No religious harassment at The Times, rules tribunal

Posted: Thu, 01 Nov 2012

No religious harassment at The Times, rules tribunal

A sub-editor on The Times who was offended by a colleague shouting out an apparently derogatory comment about the Pope has lost his claim of religious harassment in the workplace.

An Employment Tribunal ruled that there was no intention to cause offence and it was not reasonable for the comment to have had the effect of creating a hostile environment.

Mr Heafield worked for The Times as a casual sub-editor. The paper was running a series of articles about allegations of child abuse, and cover-ups, in the Catholic Church. Mr Heafield – a practising Catholic – felt that the newspaper was portraying anti-Catholic feeling by running these articles.

Before being given a specific headline, all news stories would be allocated a one word working title so that a mock-up of the newspaper could be made which set out where each article would be positioned. One of the stories which The Times was working on concerned an allegation that the Pope had, in a previous role, protected a paedophile priest. This story was allocated the title 'The Pope' for the purposes of the mock-up.

As the deadline approached for the newspaper to be printed, one of Mr Heafield's colleagues realised that he had not seen the story. He shouted across the room 'Can anybody tell me what's happening to the f*** pope?' He received no response so repeated the question and raised his voice.

A couple of days later, Mr Heafield sent an email complaining that he has found the remark offensive.

Mr Heafield then brought a claim for harassment and victimisation, alleging that the comment had intended to insult his religion, even though no-one in the office knew he was Catholic.

Alternatively, even if that was not intended, the comment was very clearly anti-Catholic and therefore it was reasonable for him, as a practising Catholic, to have been insulted.

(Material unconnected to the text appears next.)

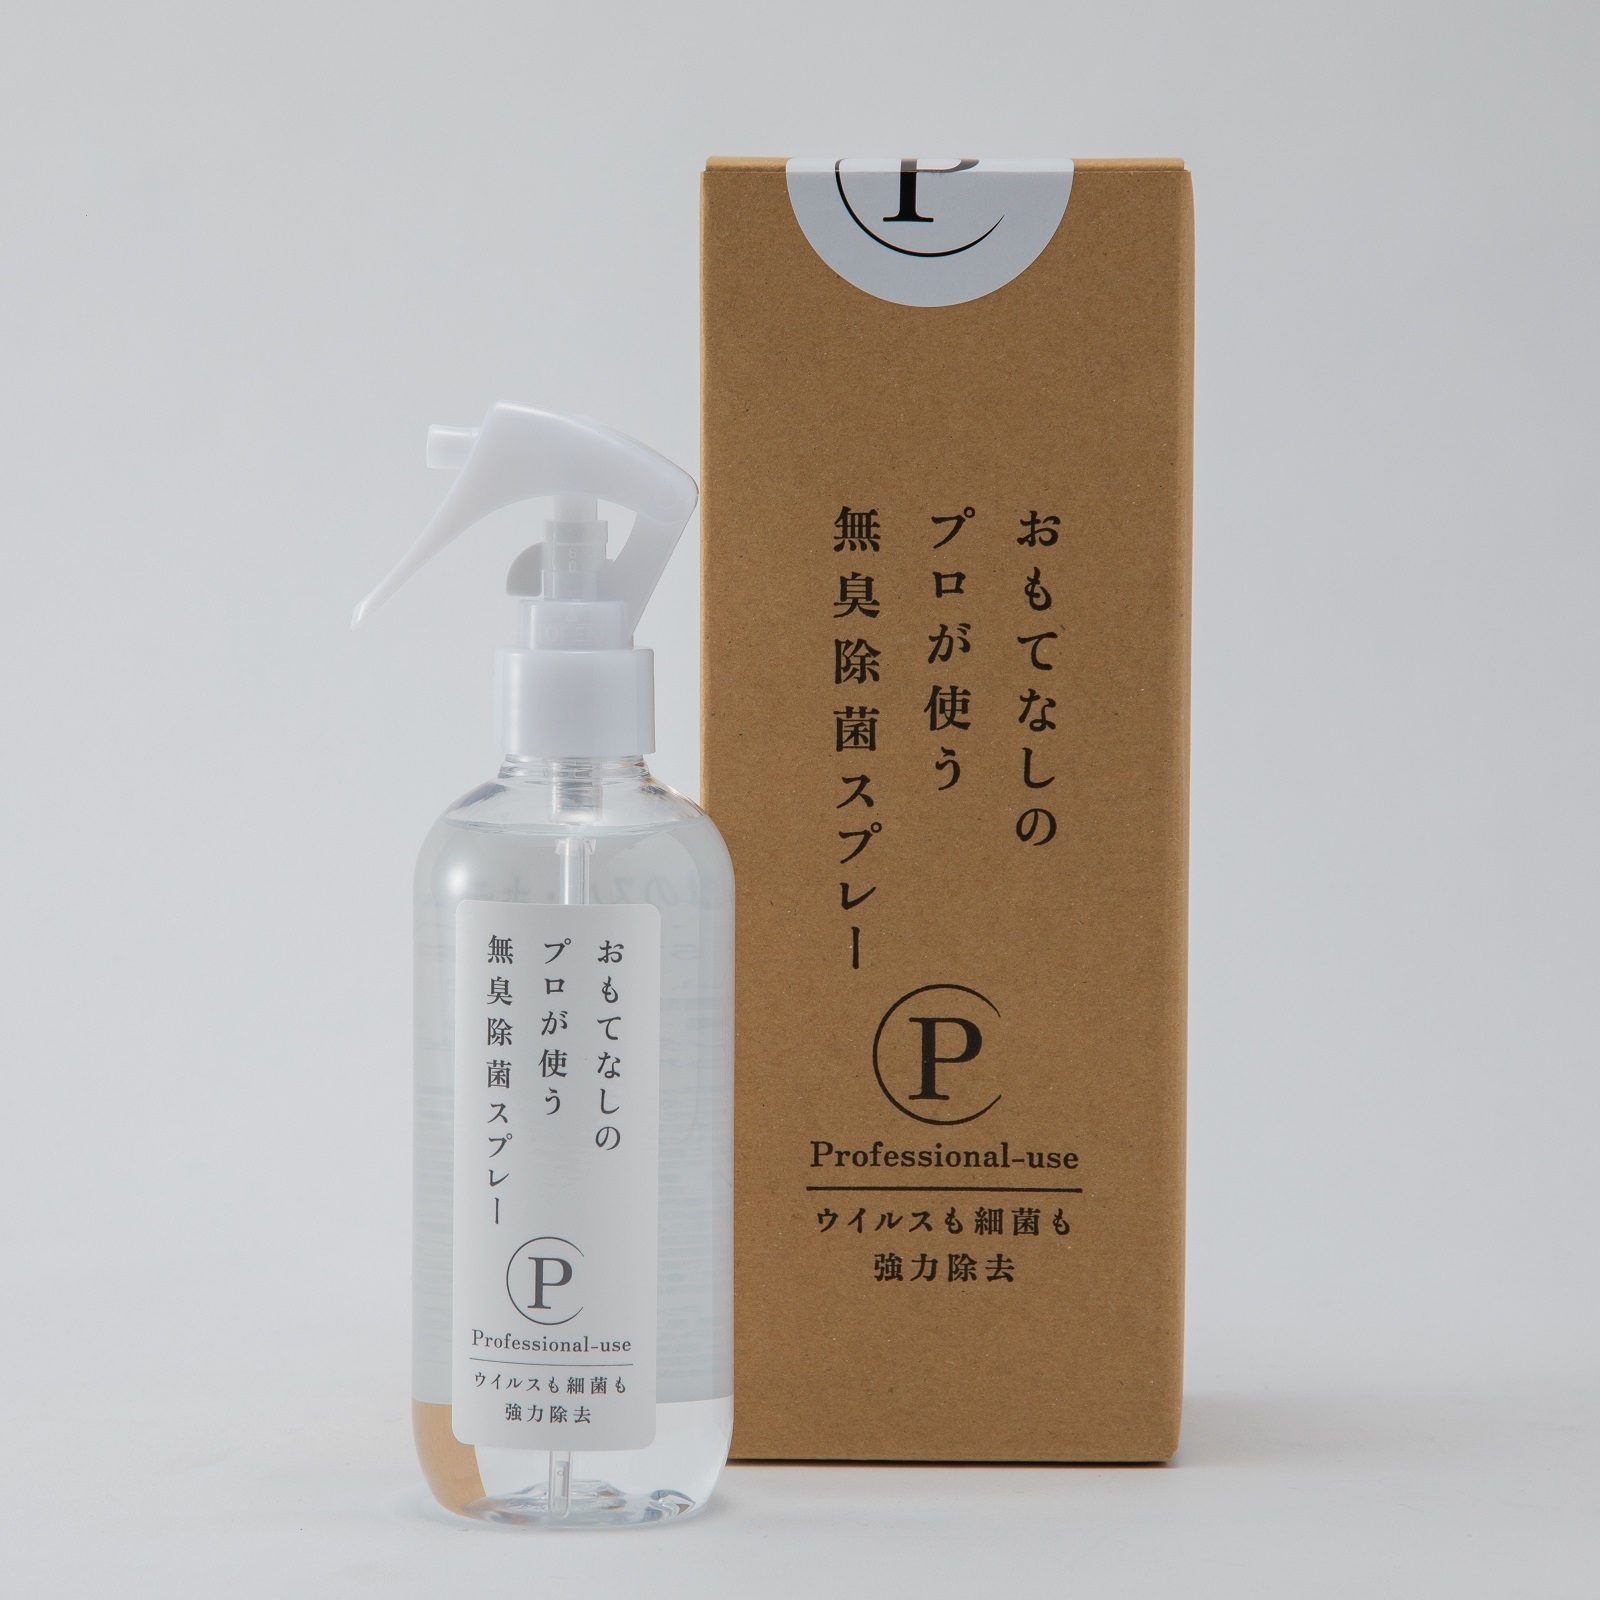 Pシリーズ おもてなしのプロが使う無臭除菌スプレー 250ml

But the Tribunal found that the comment had not been intended to cause offence. The comment was not personal, and the subject of the comment was the news story, not the Pope himself; it was not reasonable for the comment to have had the effect of creating a hostile, intimidating, degrading, humiliating or offensive environment for Mr Heafield, as defined in the Employment Discrimination legislation.

The Tribunal said the comment was just a 'trivial and transitory' comment. Nor was there any evidence to suggest that the comment had been made on religious grounds; there was no evidence that the individual who made the comment was using it as a precursor to create a hostile environment.

Mr Heafield's claims were dismissed.